All things must passは、ジョージ・ハリスンの曲であり、三枚組のソロ・アルバムのタイトルでもある(CDでは2枚組だが、発売当時はLPレコードで3枚組だった)。

 その言葉の意味するところは「諸行無常」、同じ波は二度と来ない、すべては移りゆく、ということだ。ジョージは仏教や東洋思想に傾倒していた。

 

「人生には二度と同じことは起こらない。とても貴重に感じるけれど、それはけっして特別なことではないんですよね」と門田さんは語った。

 

「白樺も、二本同じものはありません。同じ樹はなくて、すべての樹が違う生命です。

 白樺の絵は、最初は誰が見ても樹とわかるように描いていたんですが、最近は次第に、「中に入っている」というか、白樺を描きたいというよりも、白樺を通して私が見ているものを描きたいのかなと思ったりしています。自分の内面を描くというか。

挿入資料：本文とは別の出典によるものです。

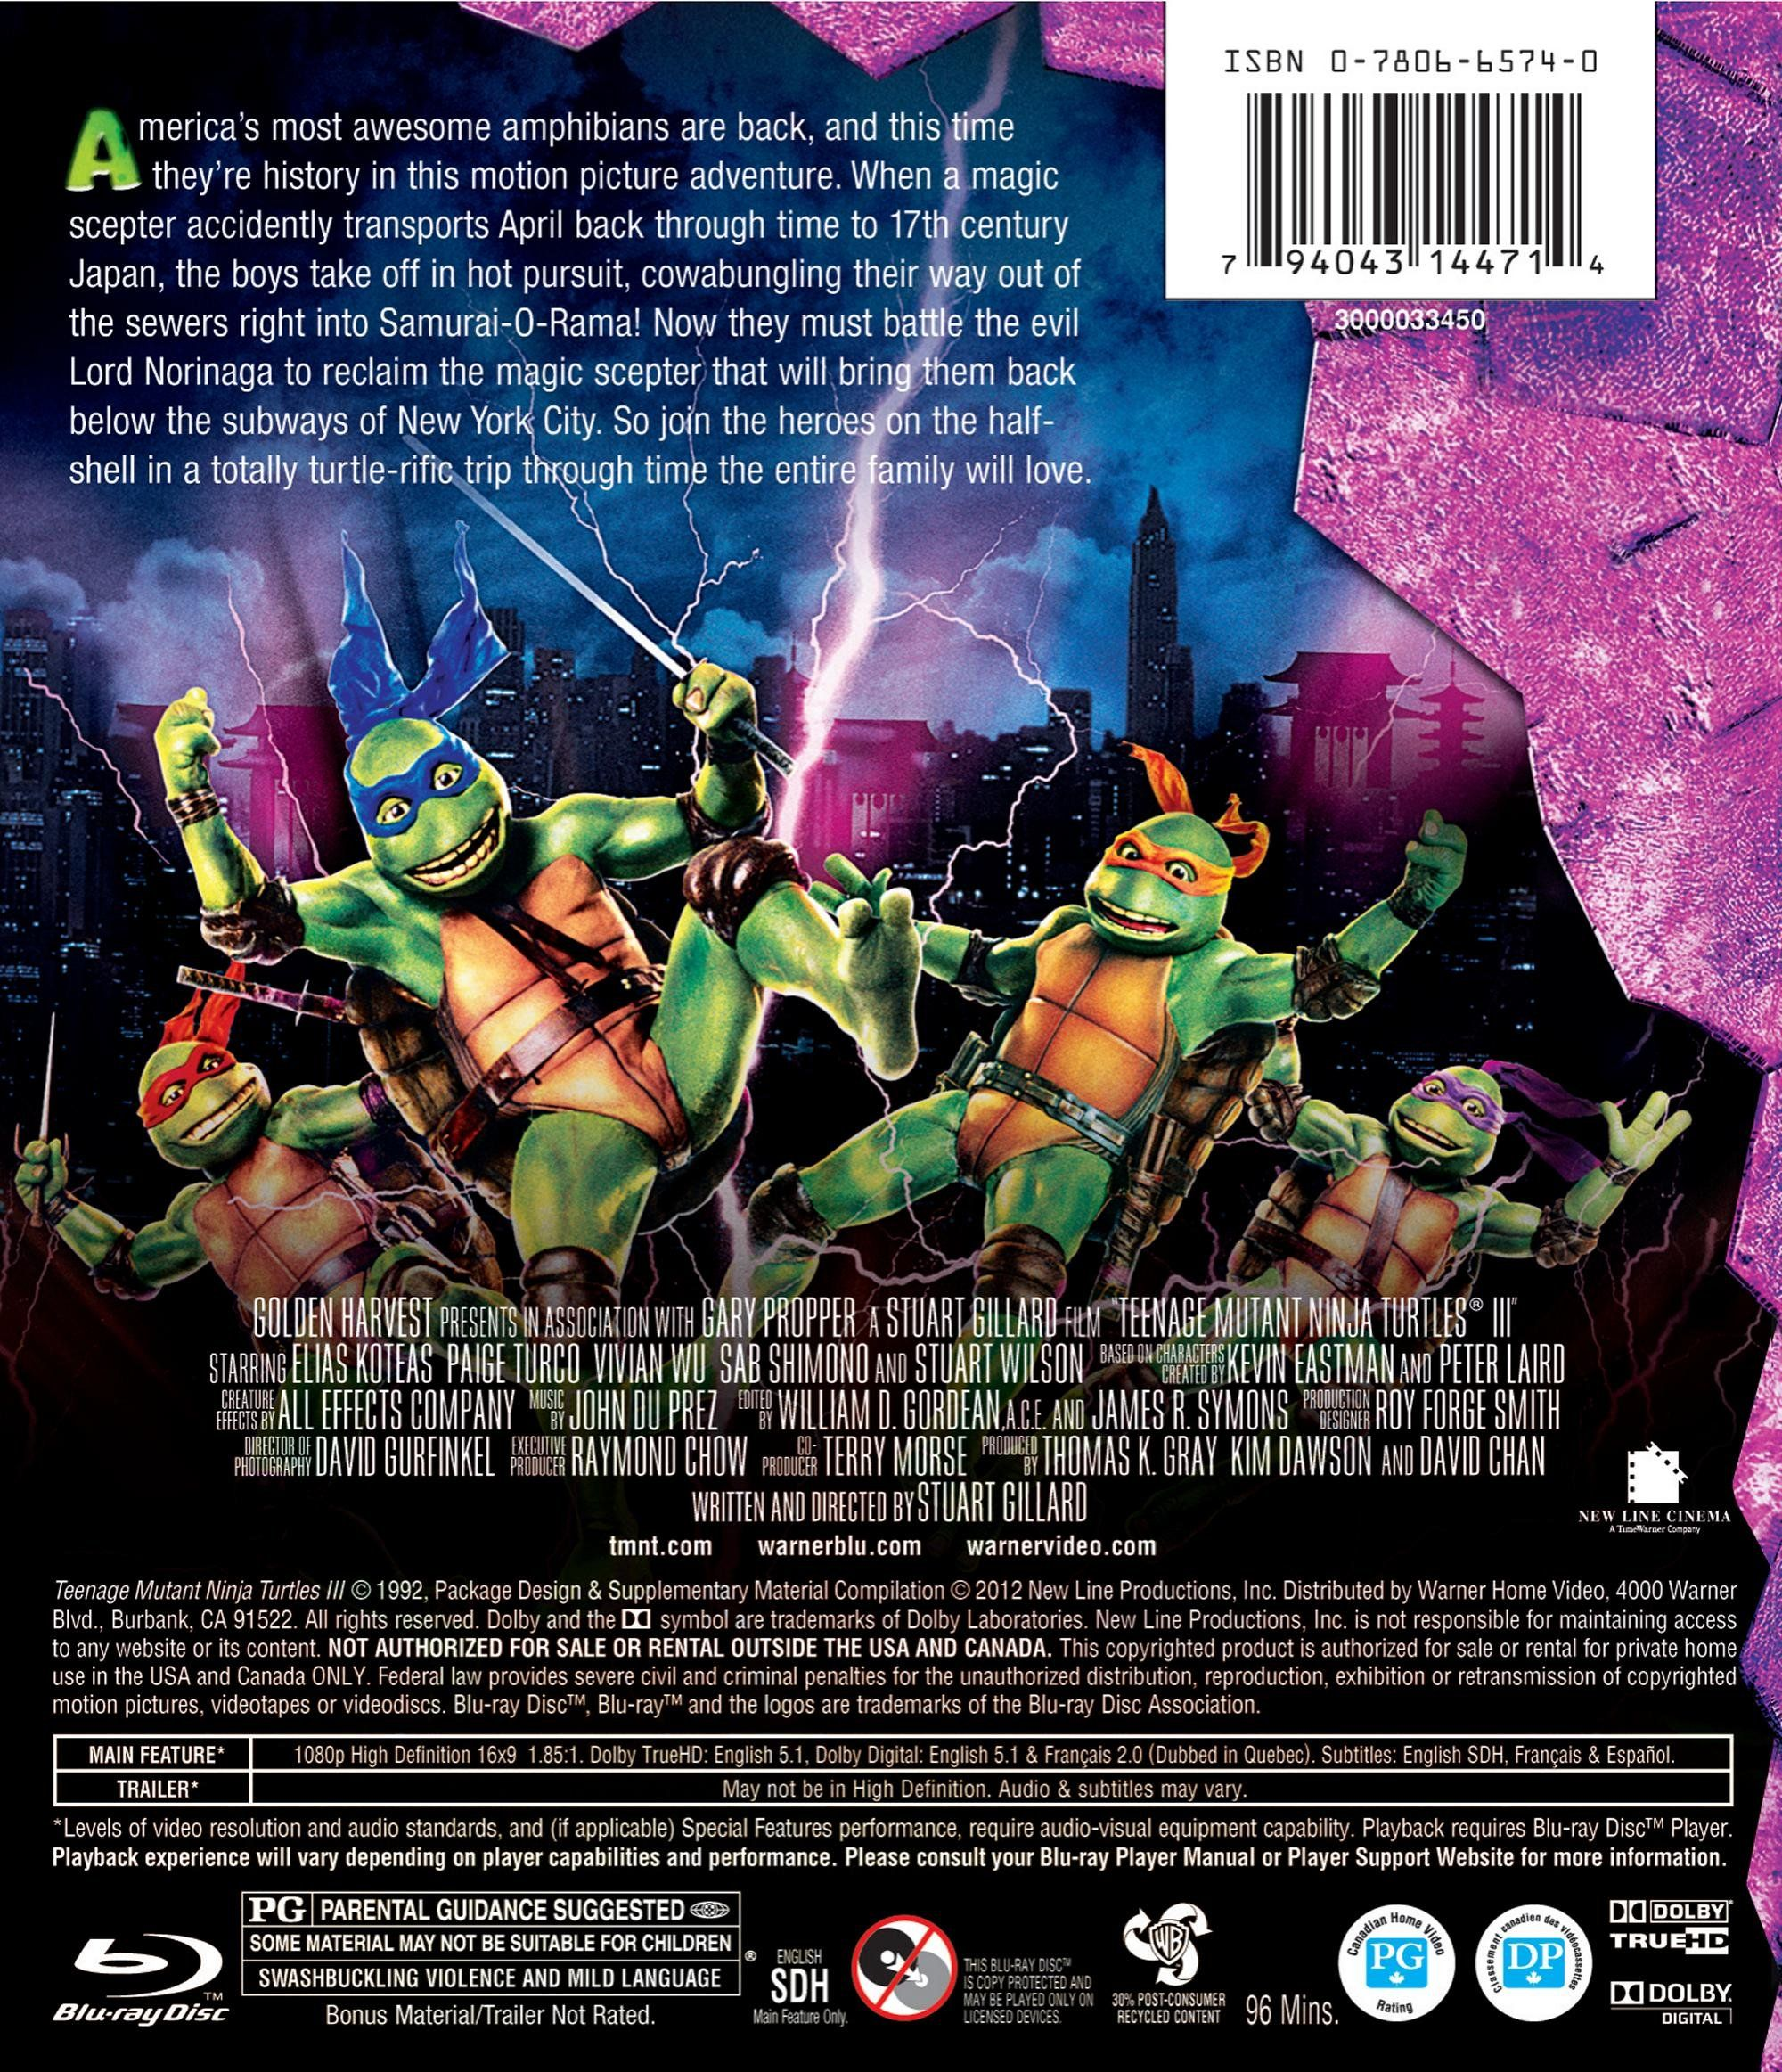 Teenage Mutant Ninja Turtles 3 Edizione Stati Uniti Usa Blu Ray Ad Turtles Edizione Teenage Mutant Ninja Turtles Alternative Movie Posters Ninja Turtles

 海や水平線もよく描くモチーフですが、海も白樺と同じで、海の絵を通して、私が見て、感じているものを表現しているのかなって思うこともあります。あと、時間とか。色彩も情景も、そのときの私自身の心もようというか。ときどき、思いっきり抽象画を描いてみたいと思うこともあります」

 

 樹や花、リンゴのように、いわゆる「自然」を描くときと、(人形の)シロクマや、ボックス(箱)など人工物を描くのとは、何か違うのだろうか。

 

「クマのぬいぐるみ、羊のぬいぐるみは、娘たちが好きなもの、私が好きなものです。誰もがいつか「ぬいぐるみなんかいらない」と言うときがくるのかもしれないけれど、羊のぬいぐるみは、私がずっと大切にしているもので、今も実家にあります。私は彼ら(ぬいぐるみ)に勇気をもらったり、落ち着かせてもらったりしてきた。ときには頼らせてもらったこともあった。幾度もそういうことはありました。そういった自分の、いくつもの過去の感情をのせて、描いています。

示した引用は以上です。